→ EXERCISE MATERIALS:
((
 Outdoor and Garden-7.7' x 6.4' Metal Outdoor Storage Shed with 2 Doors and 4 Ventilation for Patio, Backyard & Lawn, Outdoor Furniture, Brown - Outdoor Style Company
))
((
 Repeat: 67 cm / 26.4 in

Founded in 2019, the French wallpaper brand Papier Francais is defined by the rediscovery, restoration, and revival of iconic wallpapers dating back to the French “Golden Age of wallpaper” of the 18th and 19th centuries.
))
→ PROBLEM TO WORK ON: A word-for-word copy of the lines above from the one with "Repeat: 67 cm / 26.4 in" through the one with "Founded in 2019, the", inclusive, is the only output wanted.

→ RESPONSE BELOW:
 Repeat: 67 cm / 26.4 in

Founded in 2019, the French wallpaper brand Papier Francais is defined by the rediscovery, restoration, and revival of iconic wallpapers dating back to the French “Golden Age of wallpaper” of the 18th and 19th centuries.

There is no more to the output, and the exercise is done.